Uli Arta Siagian dari WALHI mengatakan bahwa sejak awal UU IKN sudah bermasalah sebab dalam proses penyusunan, pembahasan, dan penetapan, UU itu tidak melibatkan kelompok Masyarakat Adat dan masyarakat sipil lainnya. Selain itu, penilaian akan dampak lingkungan yang diberikan oleh organisasi lingkungan terkait dengan pembangunan IKN, juga tak didengar oleh pemerintah.

“Kita sudah sampaikan dampak sosial, ekologis, dan efek domino yang akan terjadi jika pembangunan IKN dilanjutkan.

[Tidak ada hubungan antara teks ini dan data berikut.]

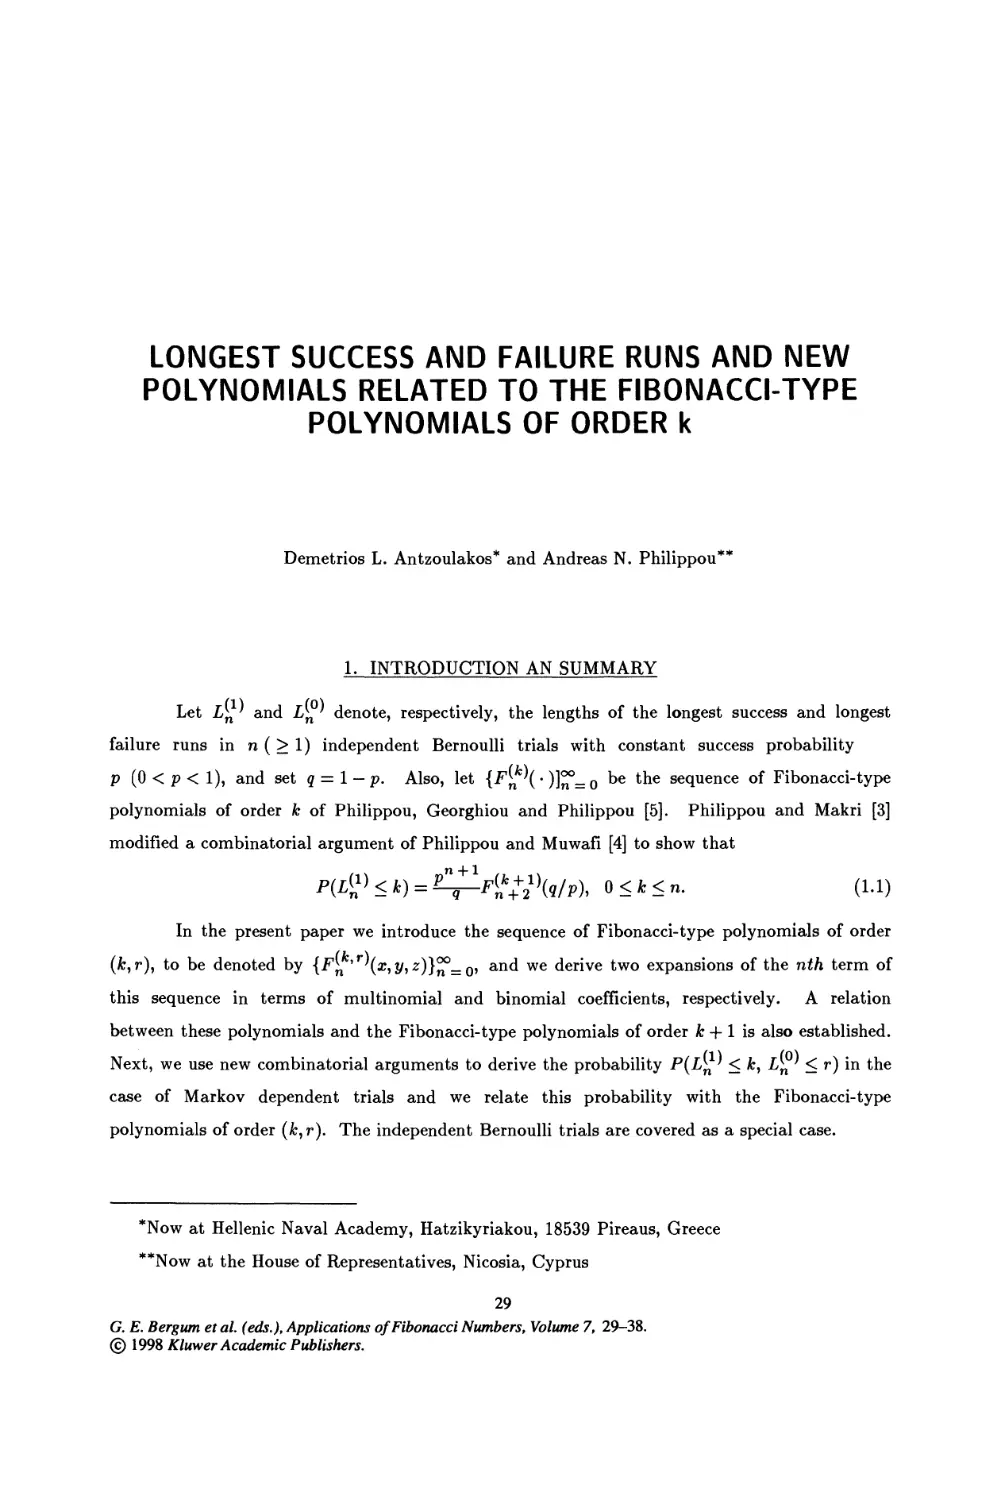 5. Longest Success and Failure Runs and New Polynomials Related to The Fibonacci-Type Polynomials of Order k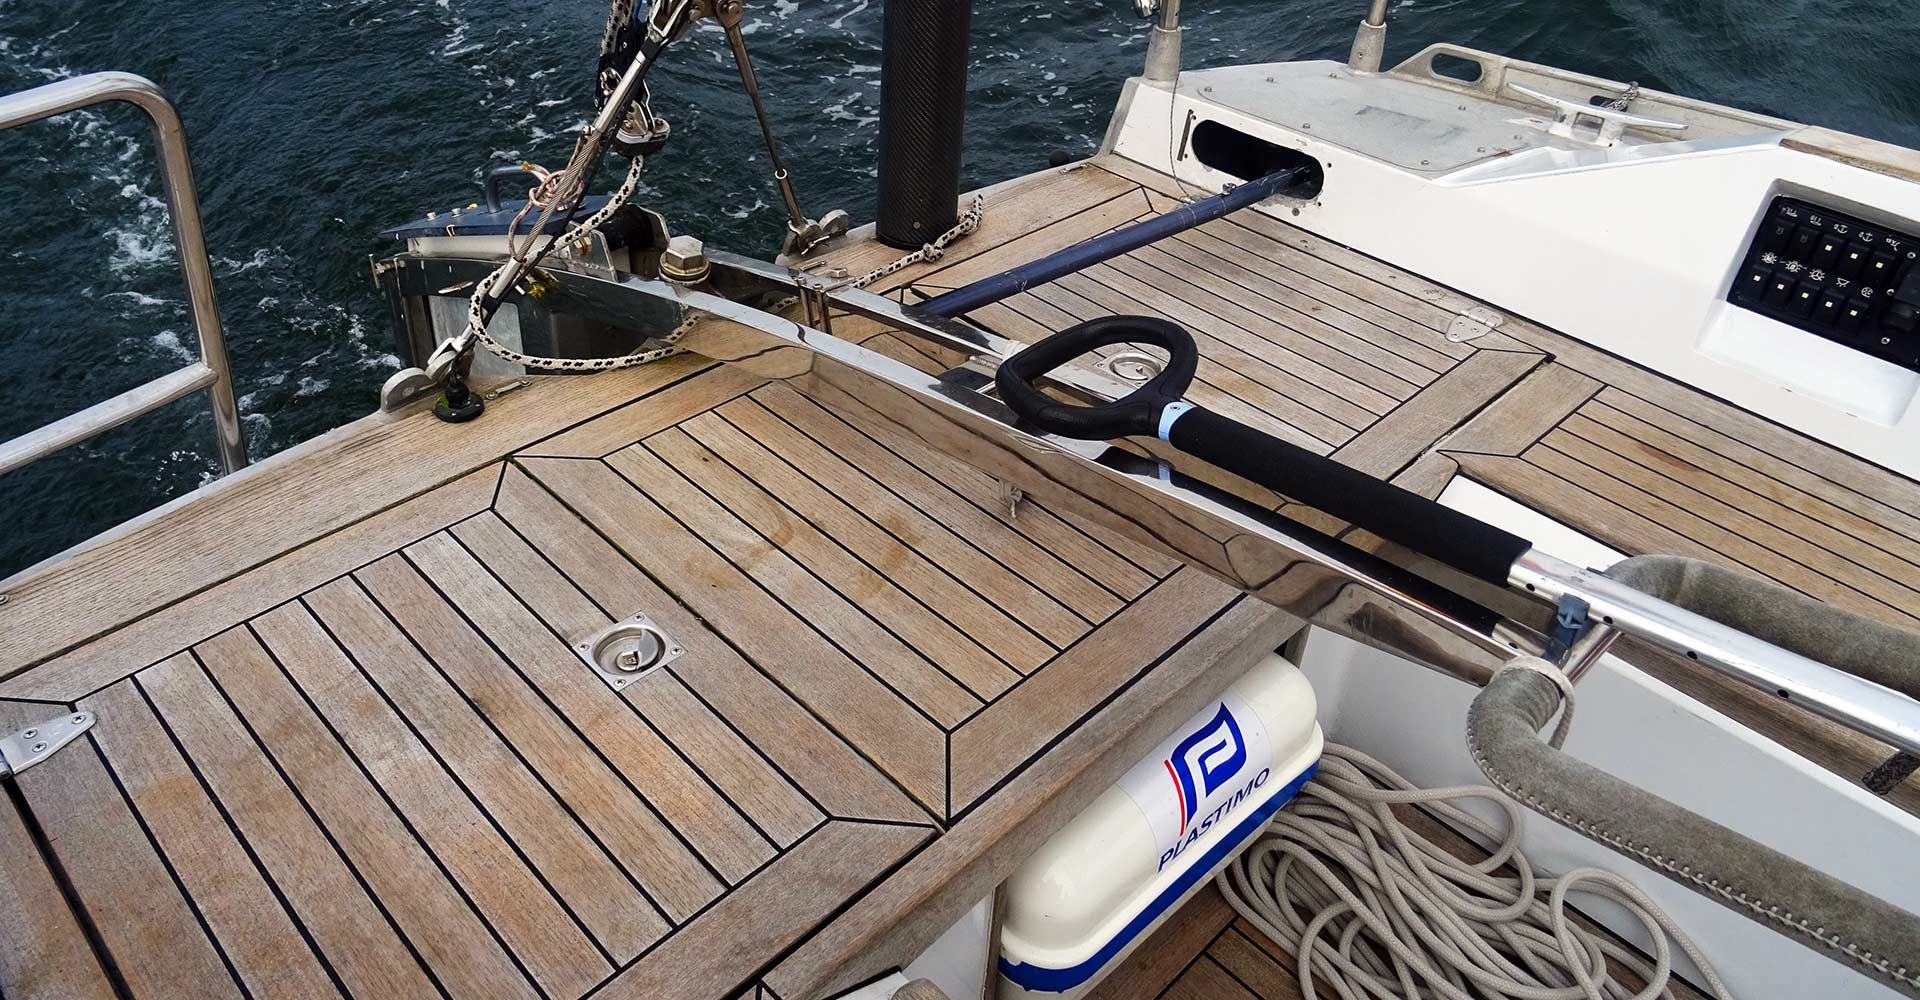 Harken Hoister 7803: The Most Reliable Winch for Sailboats

Tapi, semua itu dibaikan oleh pengurus negara,” kata Uli dalam konferensi pers di MK pada hari yang sama.

Sebelumnya, gugatan terhadap UU IKN juga sudah dilayangkan oleh mantan Ketua Pimpinan Pusat Muhammadiyah Din Syamsuddin, Guru Besar Universitas Islam Negeri (UIN) Syarif Hidayatullah Azyumardi Azra, dan sejumlah pemohon pada 1 Maret 2022 lalu. Saat ini, gugatan itu masih bergulir di MK.